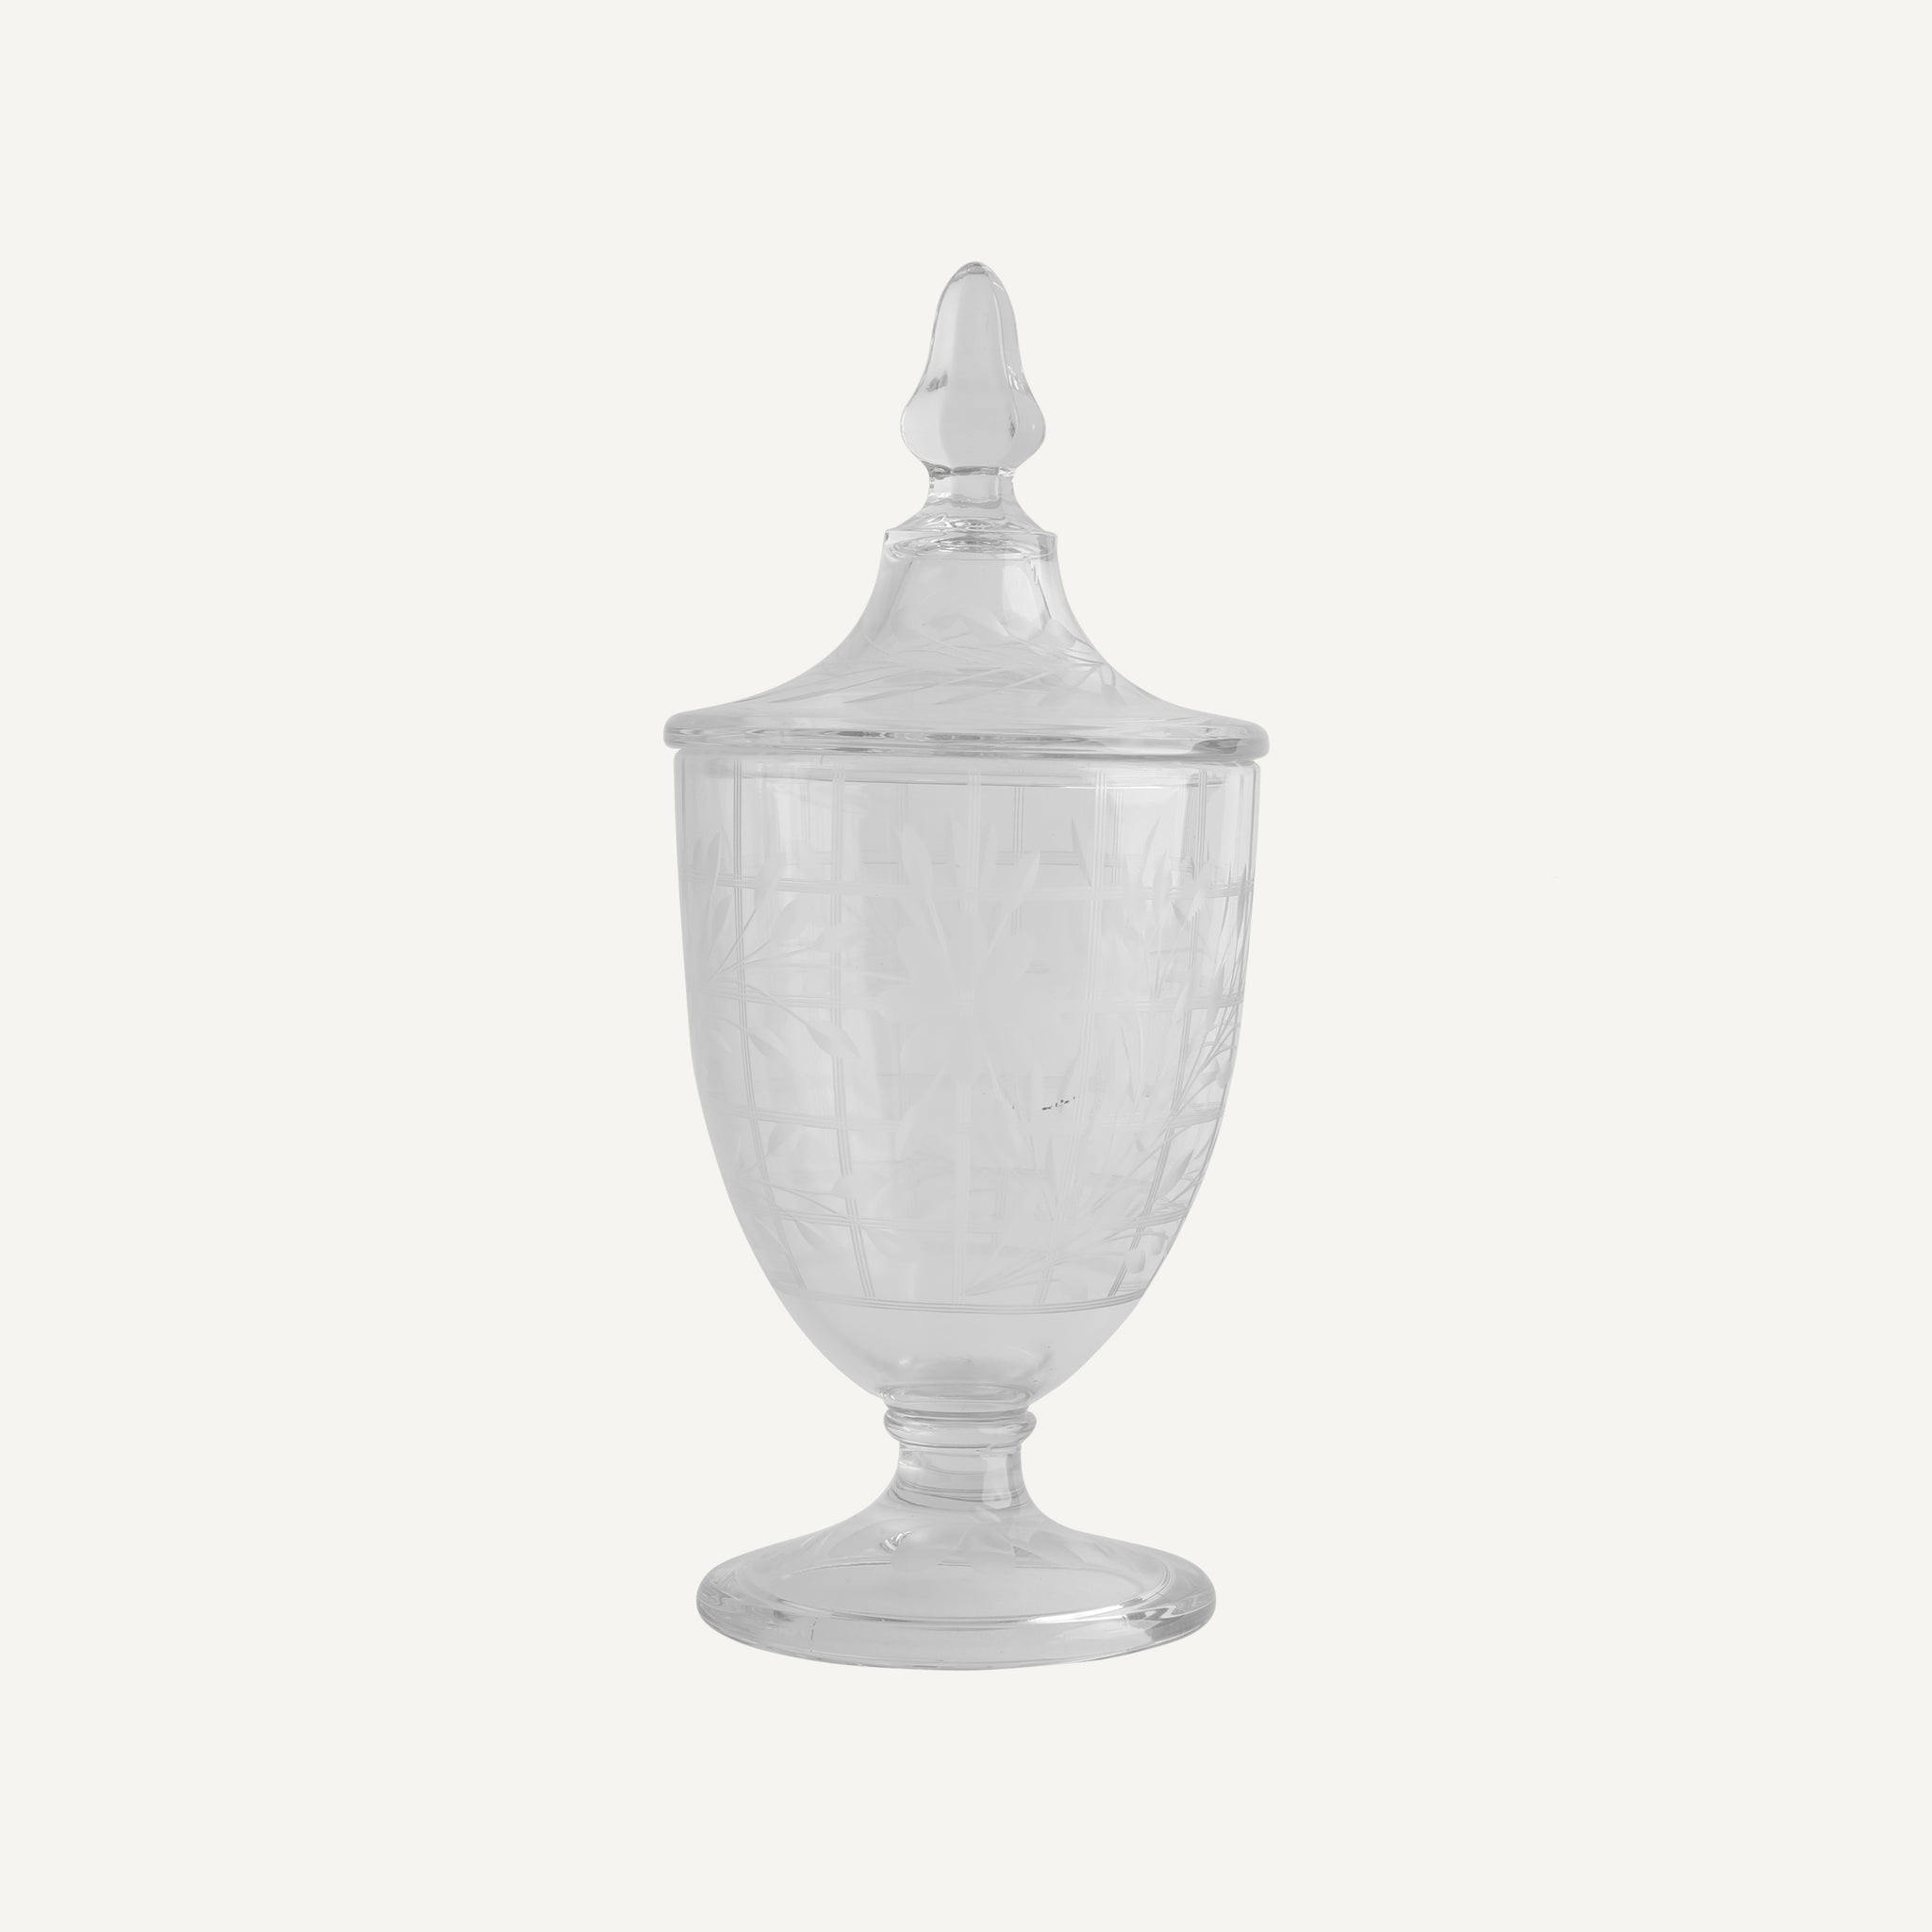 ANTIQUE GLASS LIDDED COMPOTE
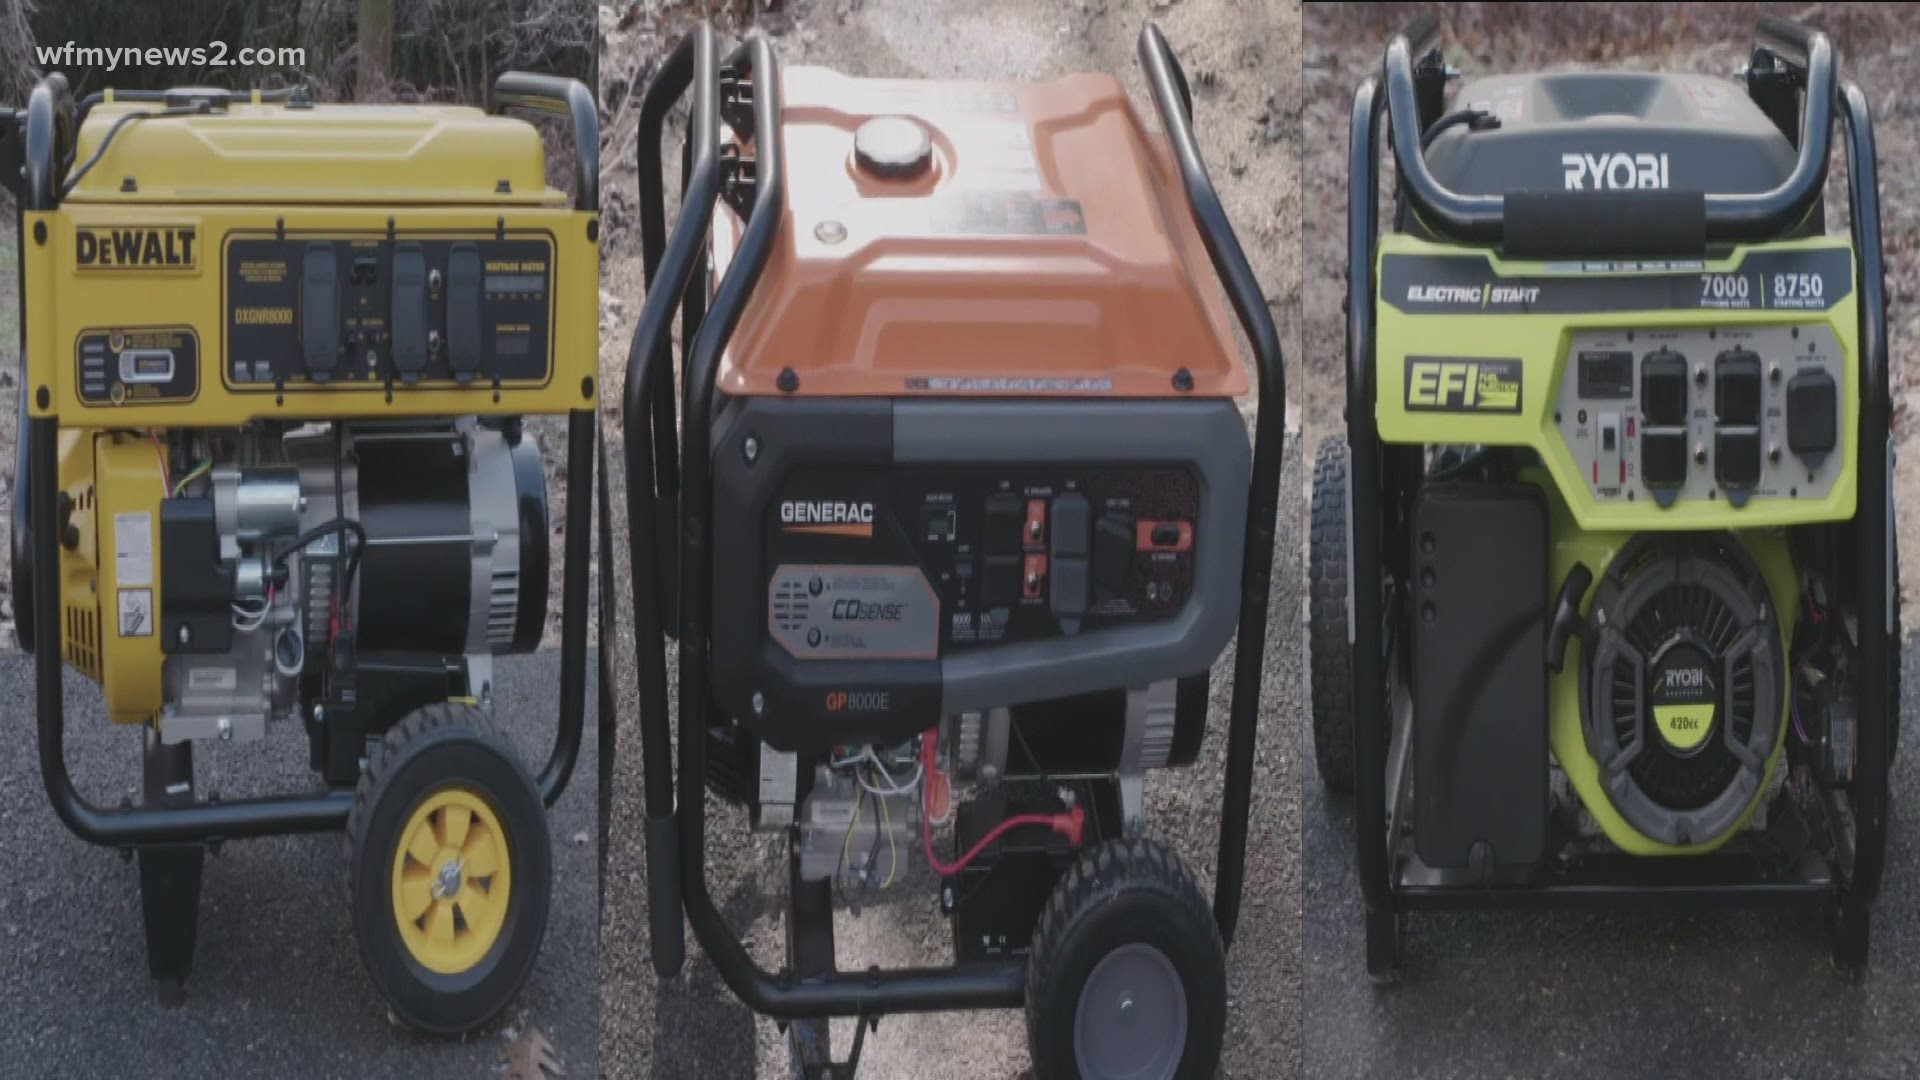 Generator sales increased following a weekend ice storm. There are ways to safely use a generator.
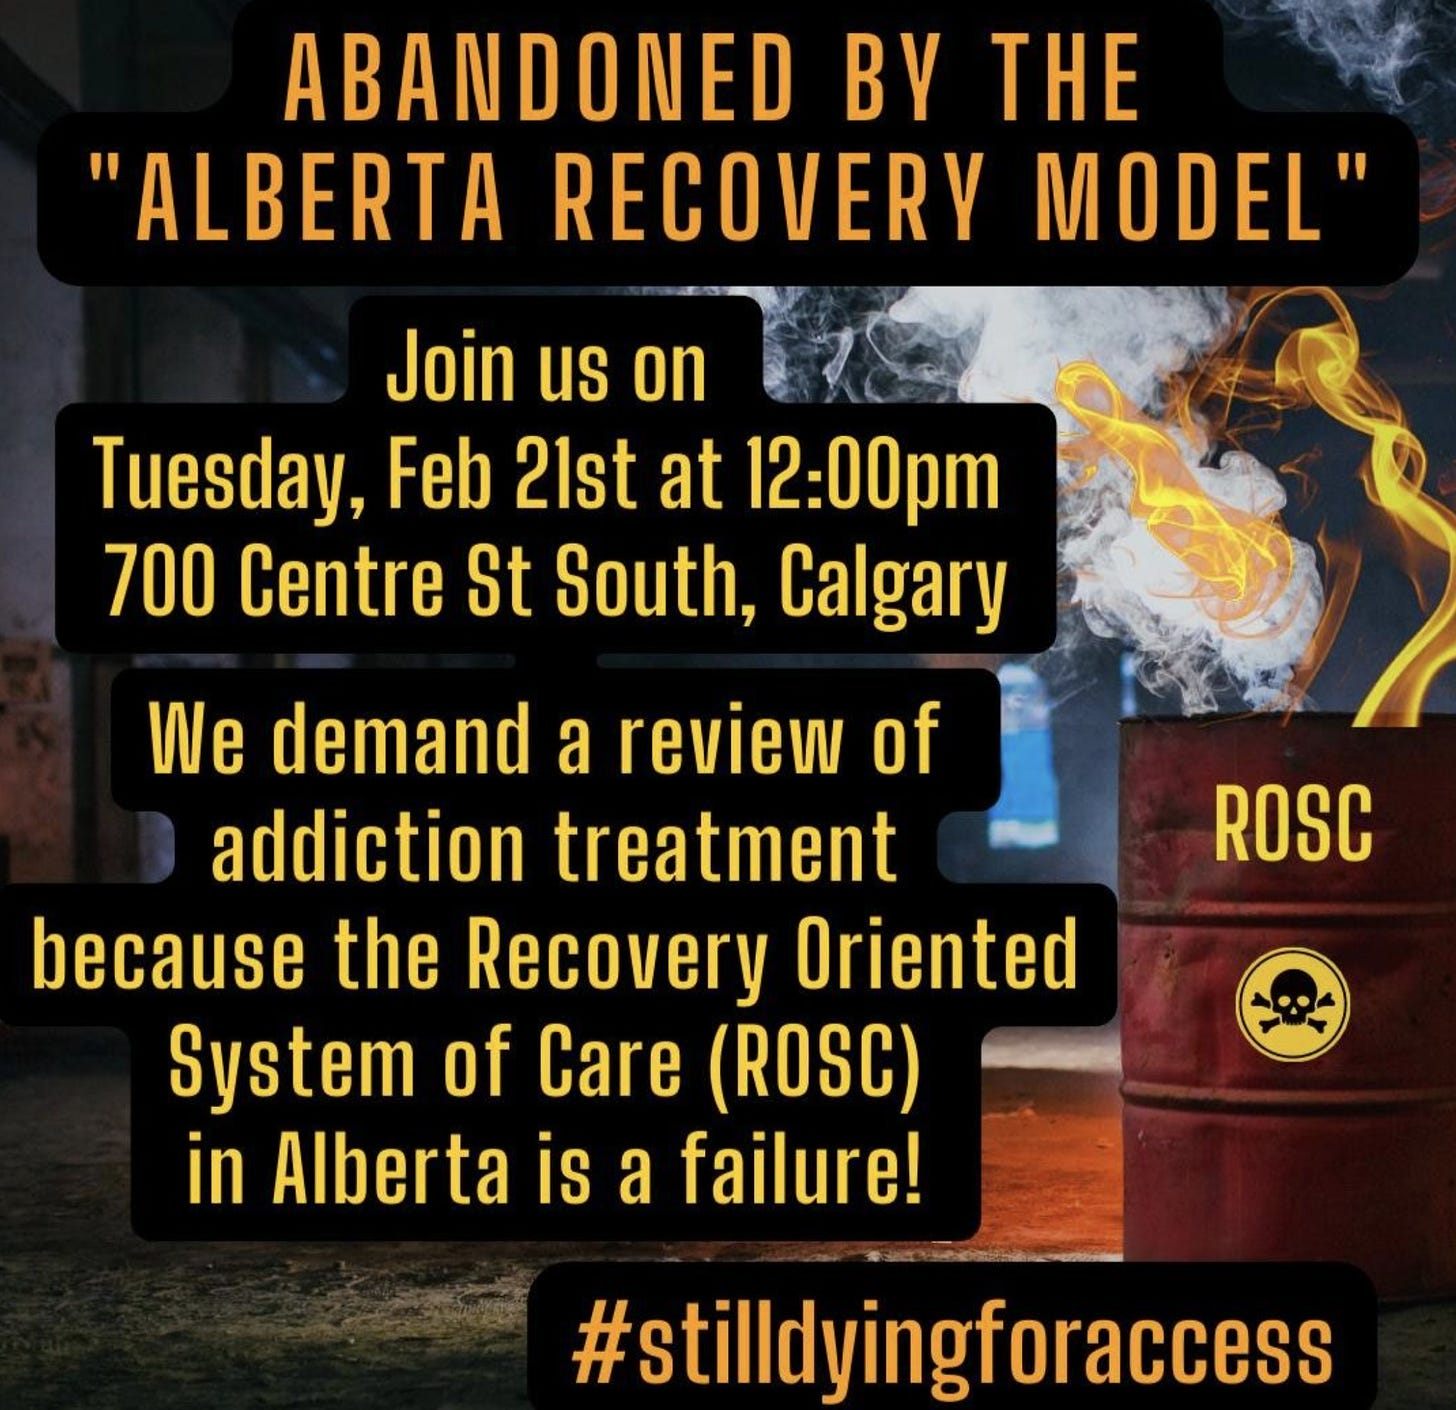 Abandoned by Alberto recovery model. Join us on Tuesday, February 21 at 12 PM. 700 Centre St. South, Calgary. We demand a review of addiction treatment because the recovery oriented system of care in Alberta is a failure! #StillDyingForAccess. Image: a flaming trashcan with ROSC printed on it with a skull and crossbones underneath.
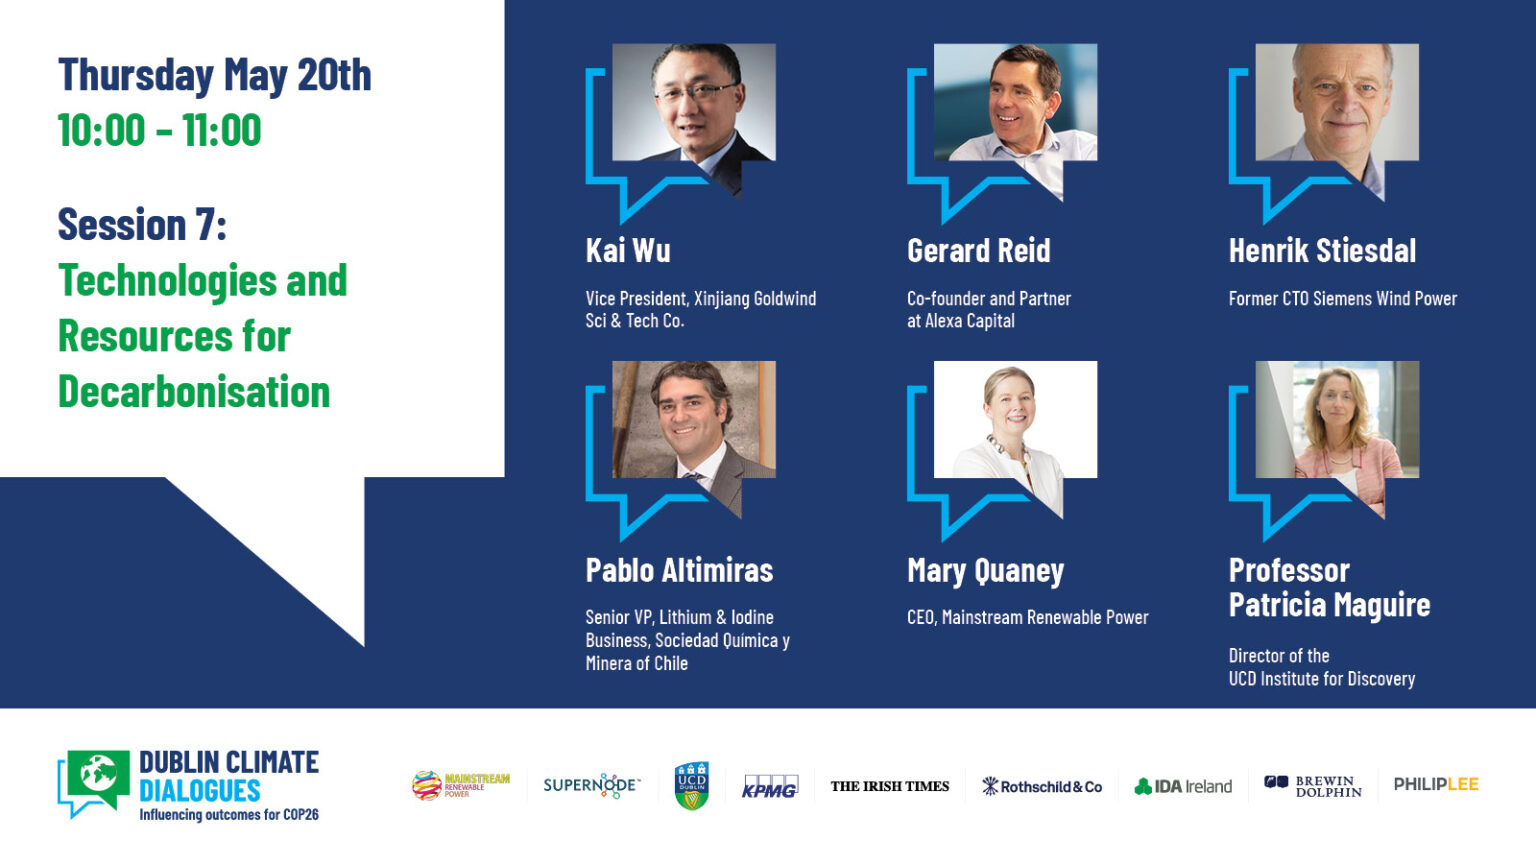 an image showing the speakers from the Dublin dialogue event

WHAT YOU ARE ASKED TO DO:
Repeat the material above word for word; no images go in the copy.

COMPLETED EXERCISE:
 ANTIQUE GLASS LIDDED COMPOTE
 Generator sales increased following a weekend ice storm. There are ways to safely use a generator.
 Abandoned by Alberto recovery model. Join us on Tuesday, February 21 at 12 PM. 700 Centre St. South, Calgary. We demand a review of addiction treatment because the recovery oriented system of care in Alberta is a failure! #StillDyingForAccess. Image: a flaming trashcan with ROSC printed on it with a skull and crossbones underneath.
 an image showing the speakers from the Dublin dialogue event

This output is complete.